What is being asked: Please retype the data in full and exactly; the pictures are not part of the copy.

Given information:
________________________

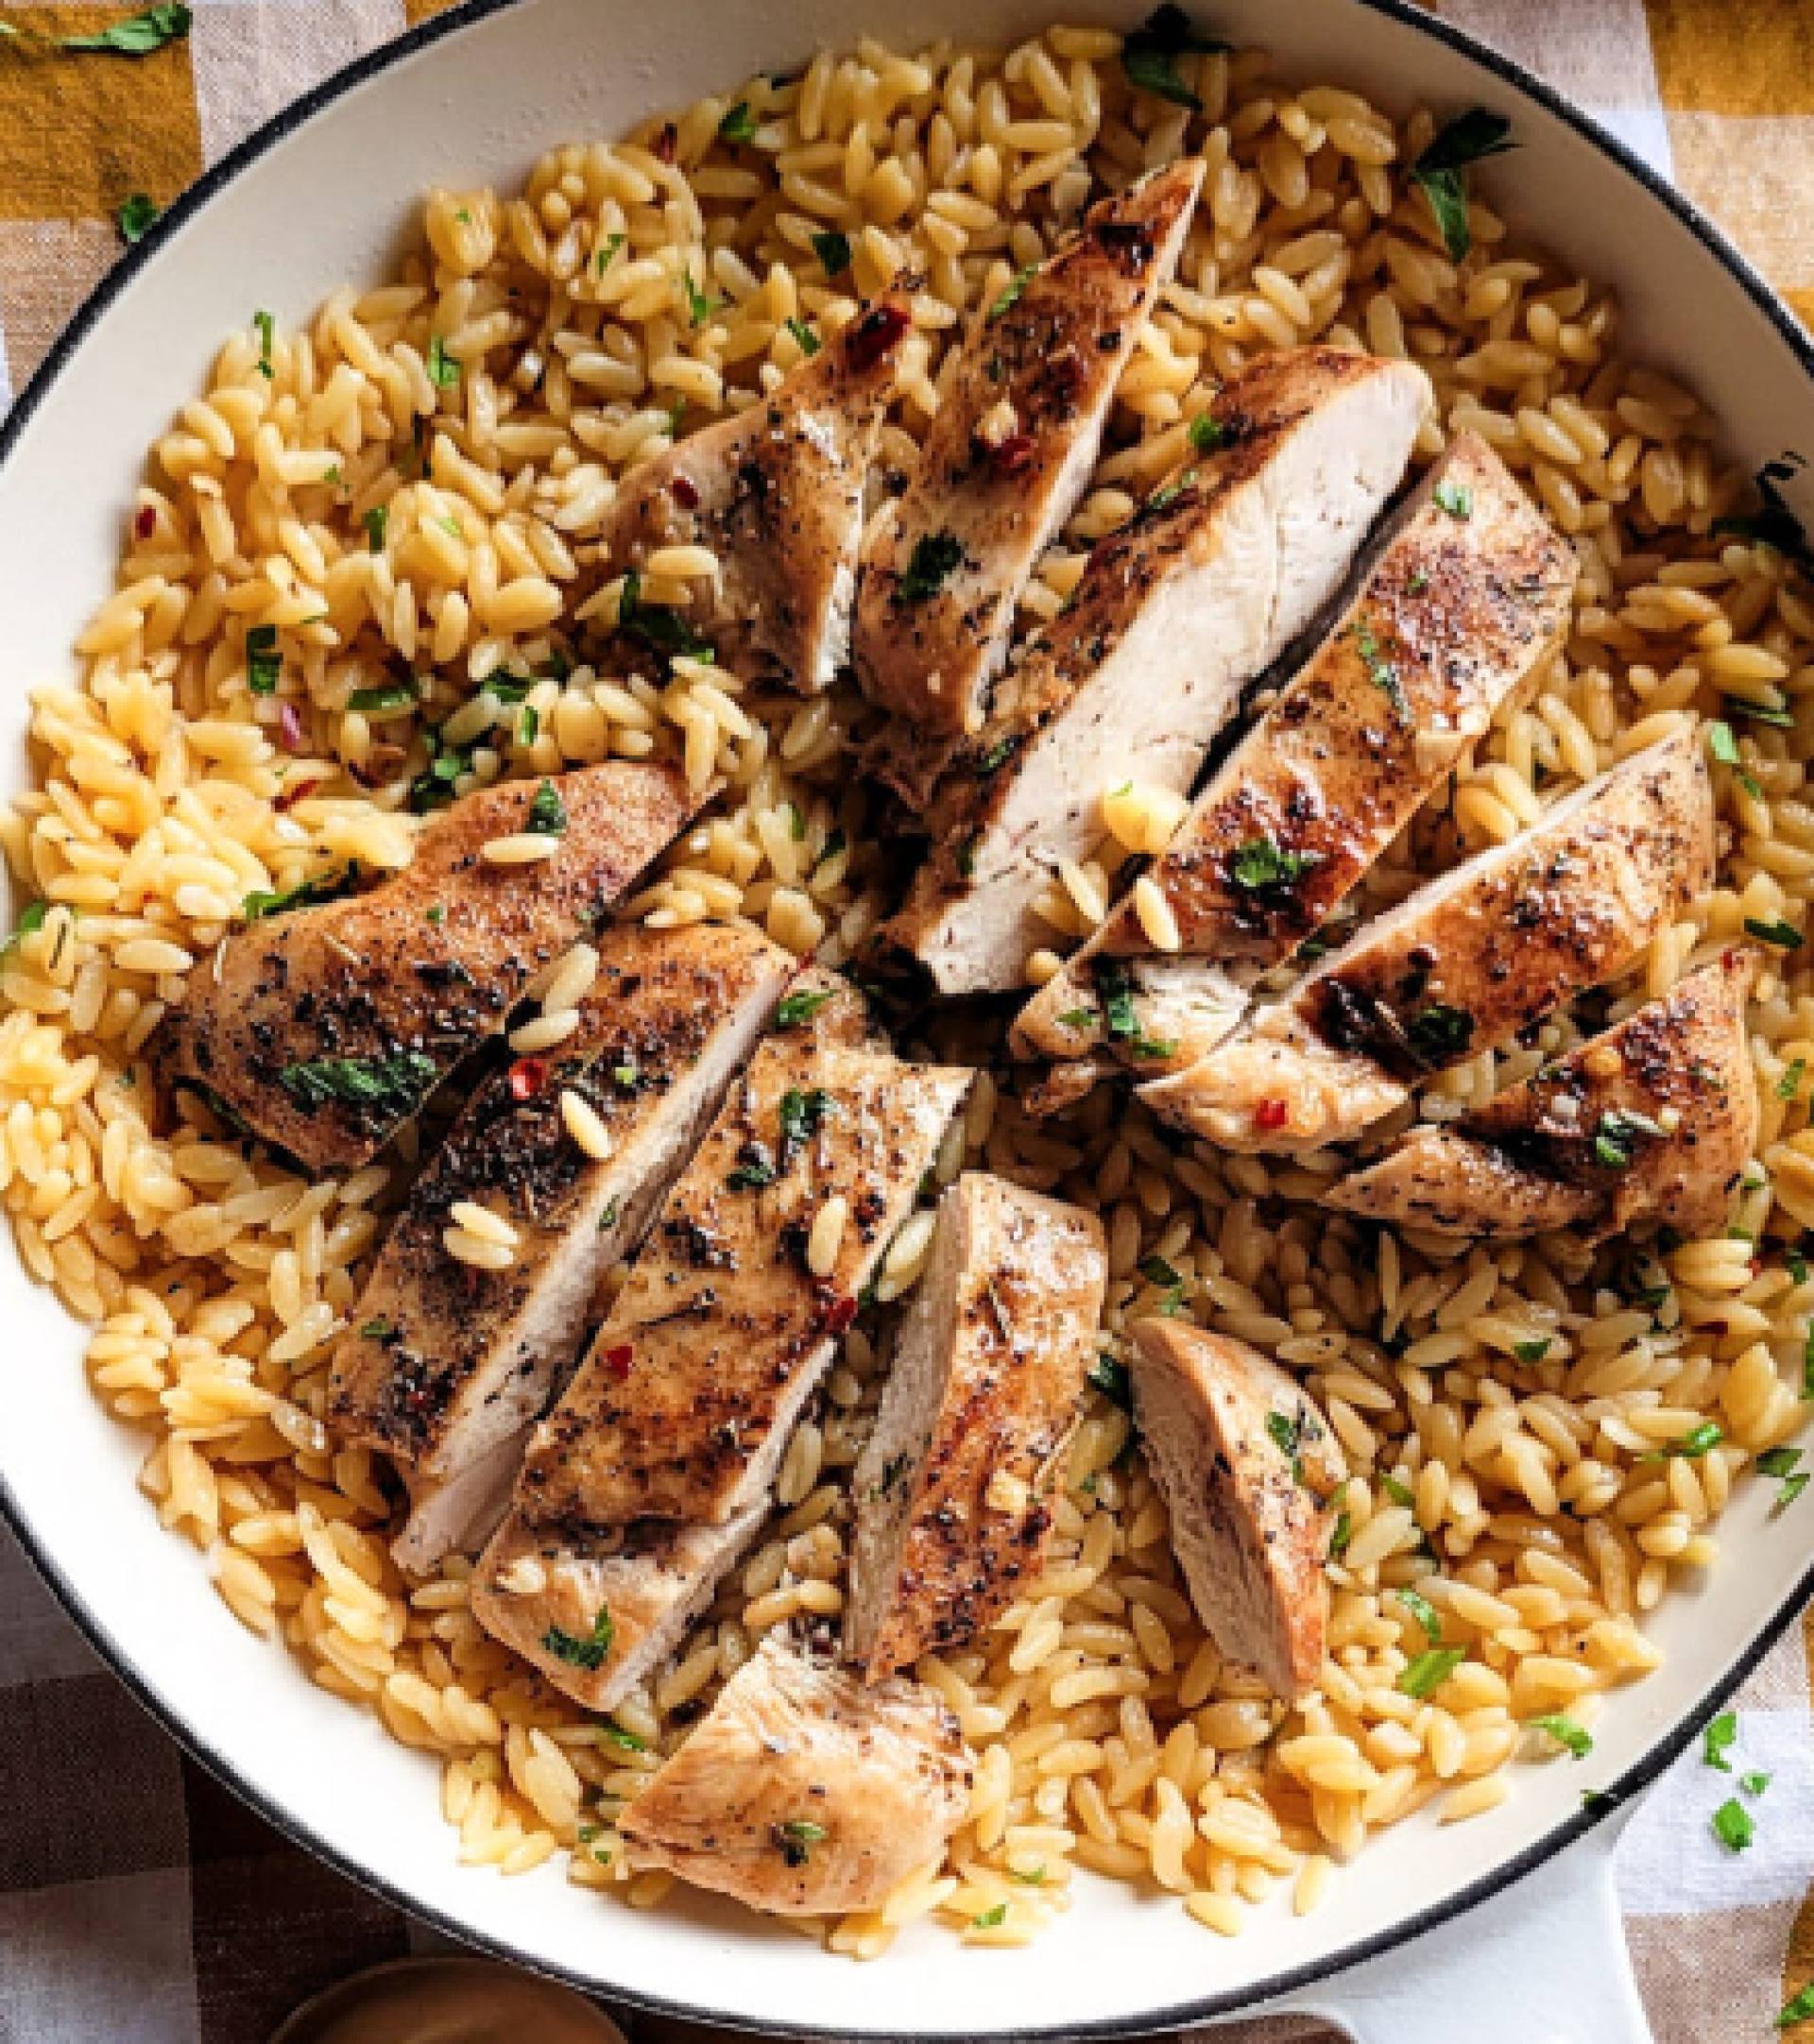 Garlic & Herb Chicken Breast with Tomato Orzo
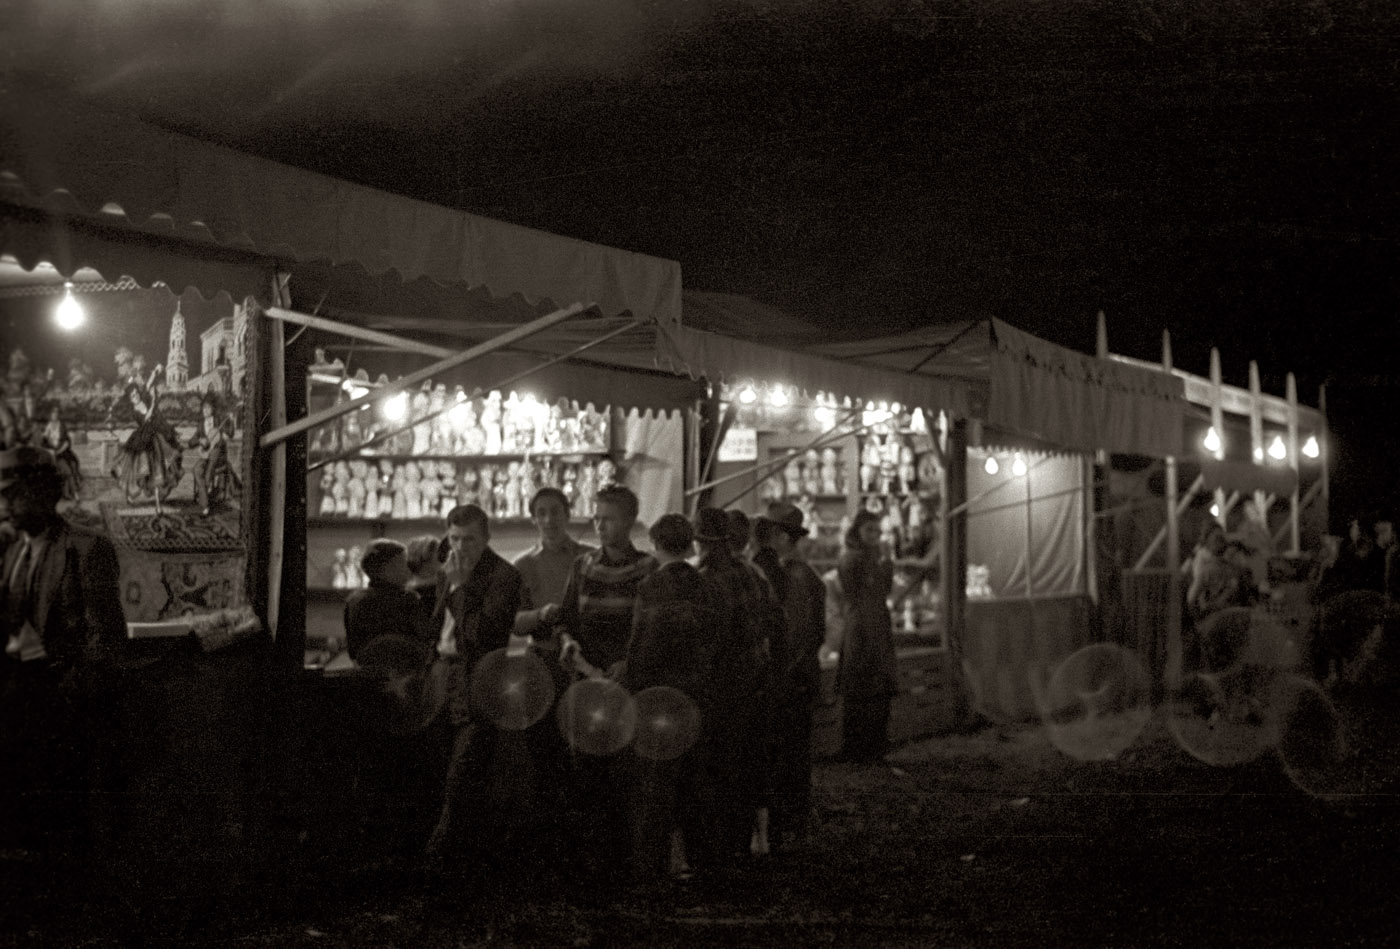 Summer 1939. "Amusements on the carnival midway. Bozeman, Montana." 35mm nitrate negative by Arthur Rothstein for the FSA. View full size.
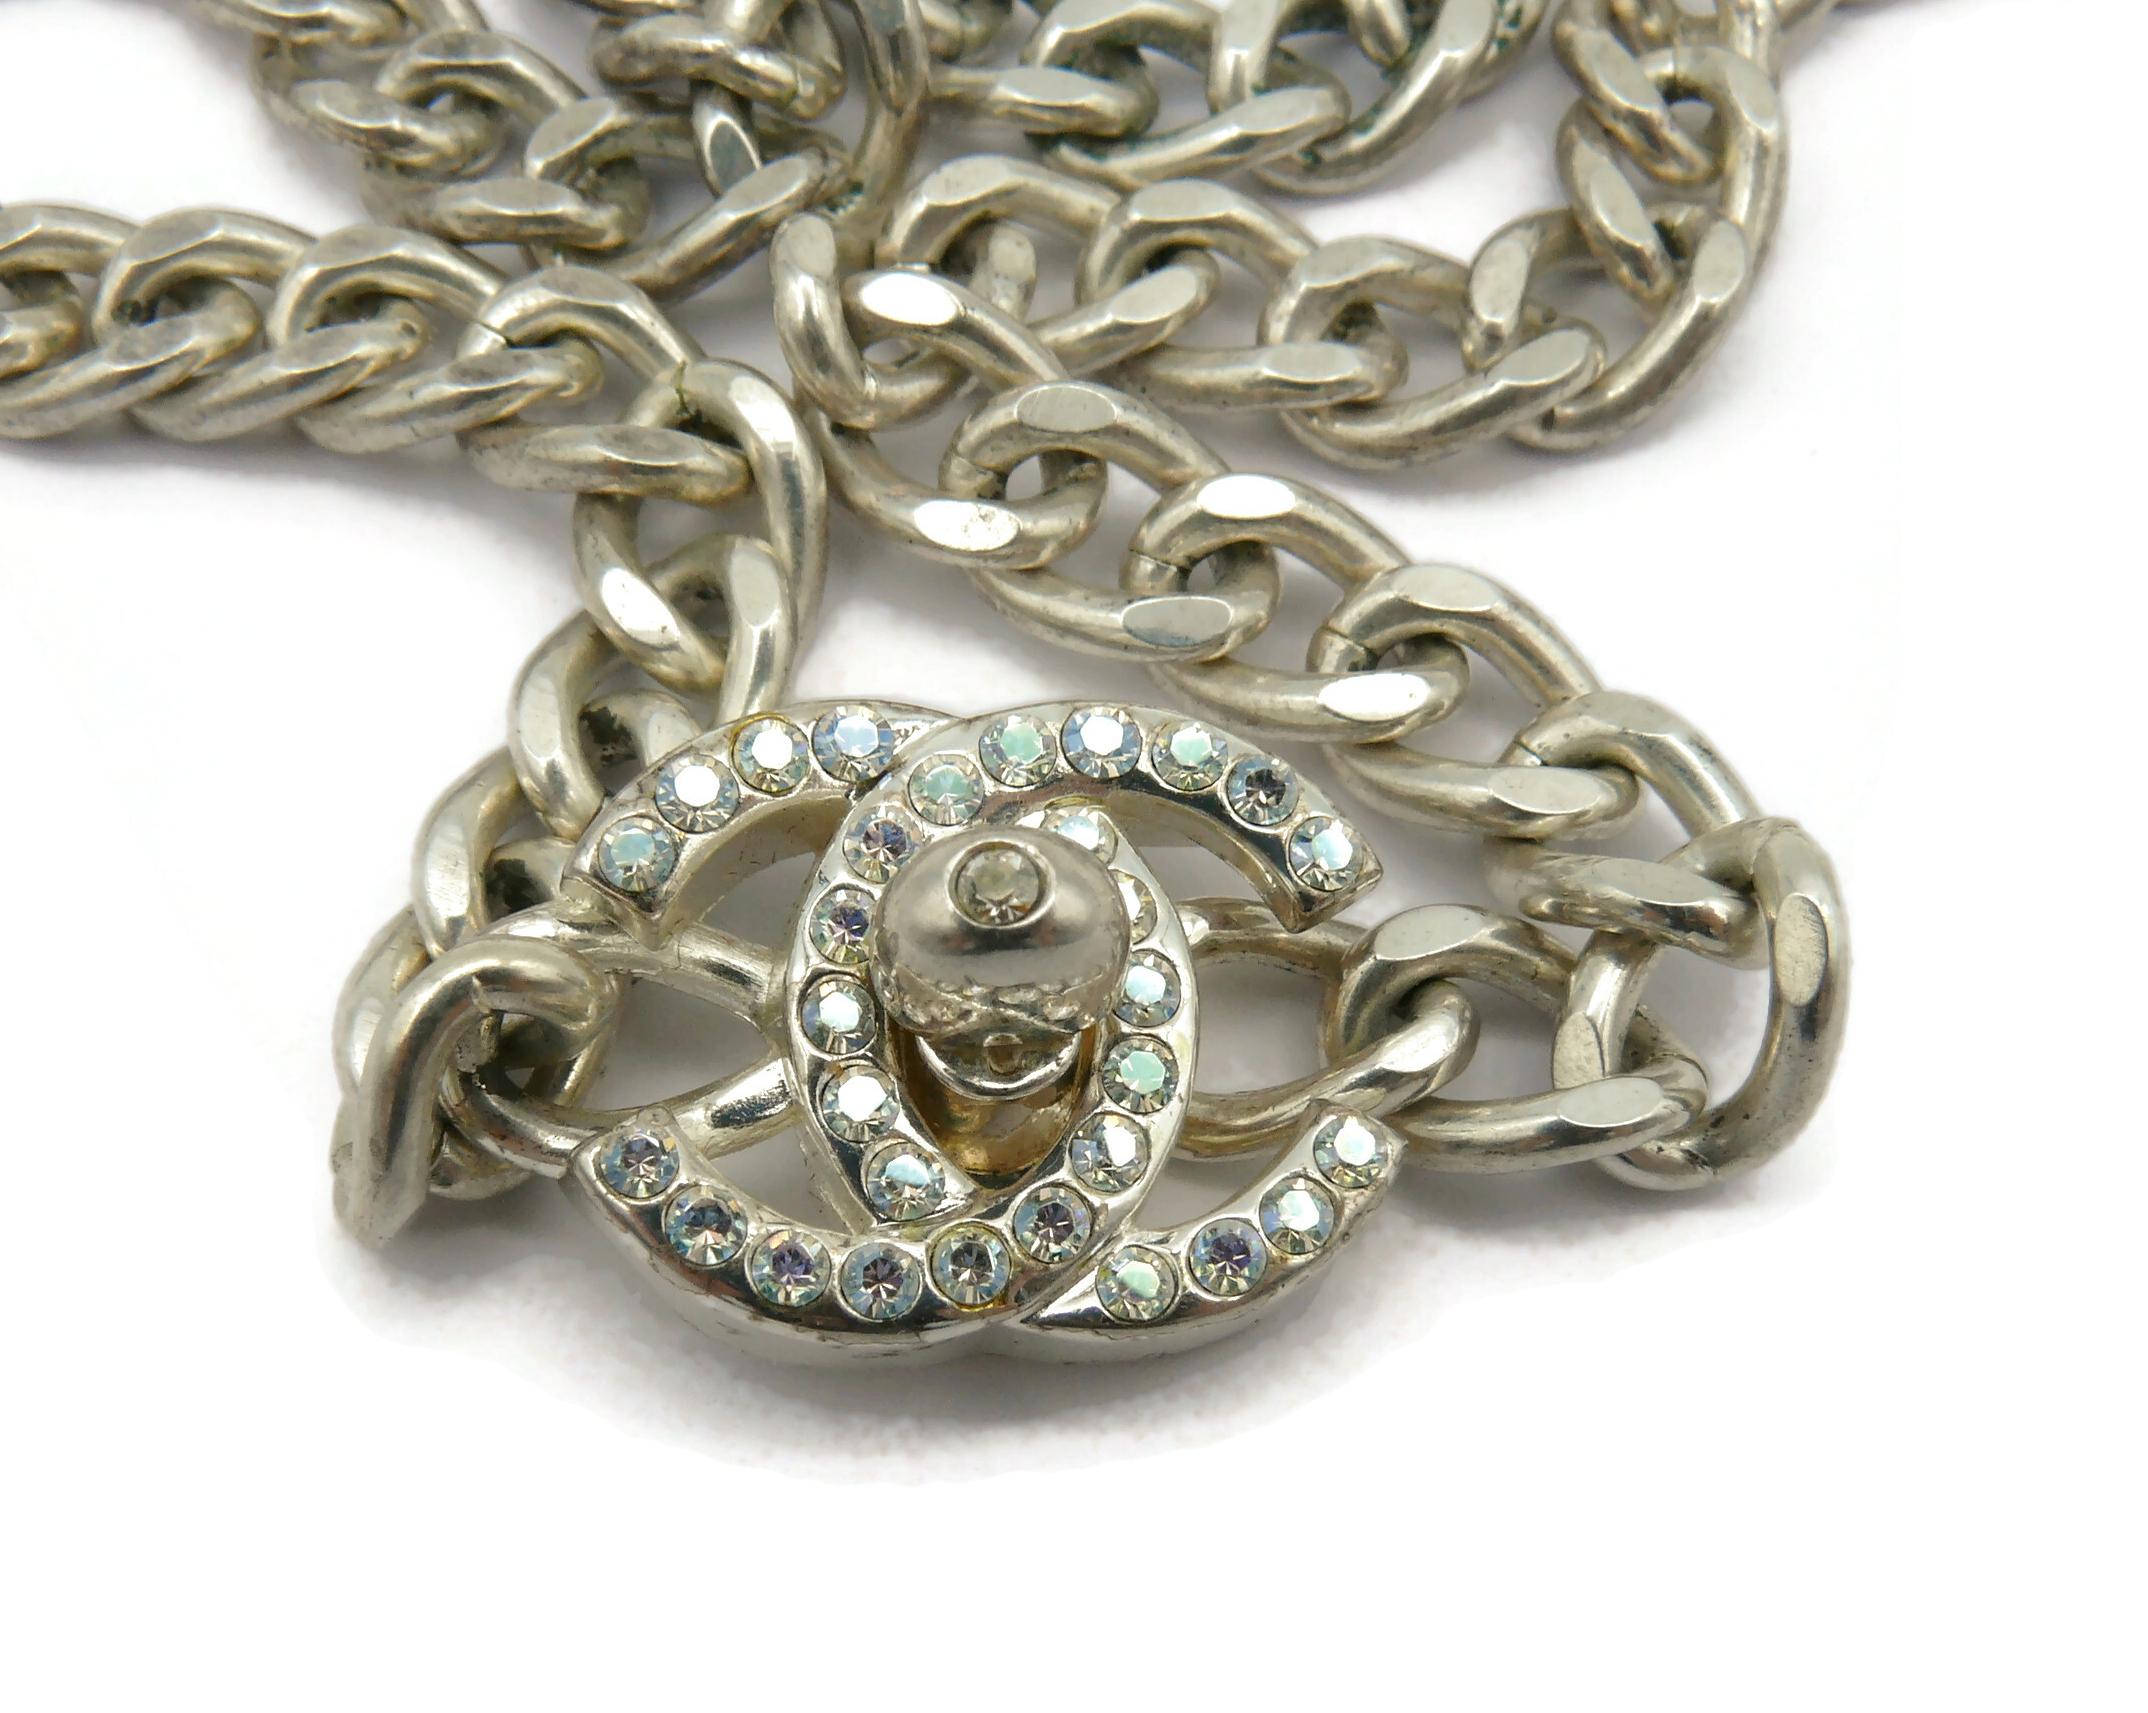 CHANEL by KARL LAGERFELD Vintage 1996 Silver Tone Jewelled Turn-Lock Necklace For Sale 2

________________________

Output of the task:
 Garlic & Herb Chicken Breast with Tomato Orzo
 Summer 1939. "Amusements on the carnival midway. Bozeman, Montana." 35mm nitrate negative by Arthur Rothstein for the FSA. View full size.
 CHANEL by KARL LAGERFELD Vintage 1996 Silver Tone Jewelled Turn-Lock Necklace For Sale 2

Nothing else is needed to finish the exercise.